Contribution of the sympathetic nervous system to vascular resistance in conscious young and adult spontaneously hypertensive rats.

Abstract
Although evidence exists for exaggerated sympathetic nervous system activity in spontaneously hypertensive rats (SHR), there are no studies in conscious animals that directly demonstrate that this increased activity is functionally involved in the elevated vascular resistance of these animals. In our present study, 8-week-old and 13-week-old SHR and Wistar Kyoto controls (WKY) were chronically instrumented with arterial and venous catheters and miniaturized pulsed Doppler flow probes on the renal and mesenteric arteries and lower abdominal aorta.
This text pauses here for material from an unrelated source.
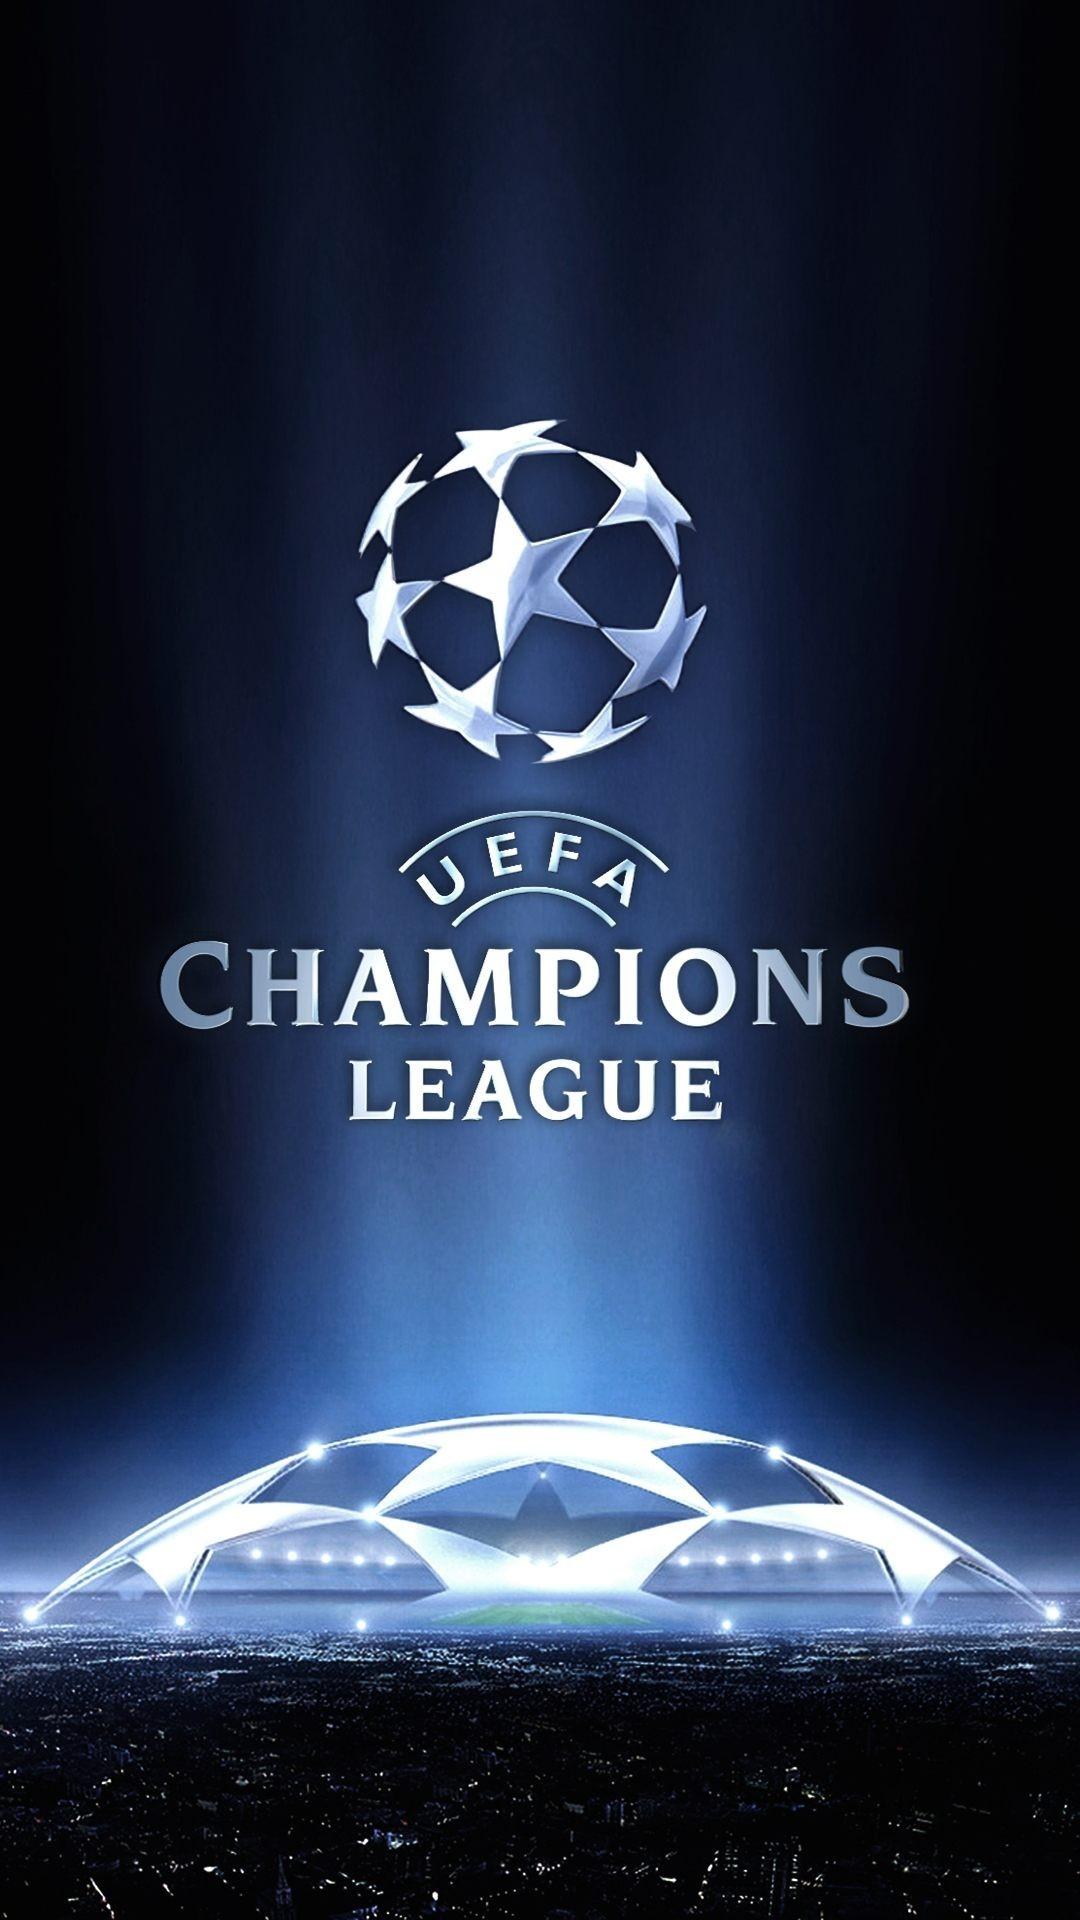 сторону поселка лига чемпионов обои на телефон вертикальные кадрирования иллюстрации

While the rats were conscious and unrestrained, hexamethonium was administered intravenously to block sympathetic nervous system transmission. Prior to hexamethonium, the mean arterial pressure of young SHR and WKY averaged 123 plus or minus 5 and 109 plus or minus 4 mm Hg respectively (p smaller than 0.05), while adult SHR and WKY averaged 159 plus or minus 7 and 128 plus or minus 3 mm Hg respectively (p smaller than 0.05). Hexamethonium produced an equivalent fall in arterial pressure of young SHR (-32%) and WKY (-30%) and adult SHR (-39%) and WKY (-41%). Vascular resistance was reduced by hexamethonium in the kidney, gut, and hindquarters, but the percent changes were not significant between SHR and WKY. These data suggest that, in both young and adult SHR, vascular resistance and arterial pressure are sustained at elevated levels by some other mechanism than neurally-derived vasoconstrictor tone.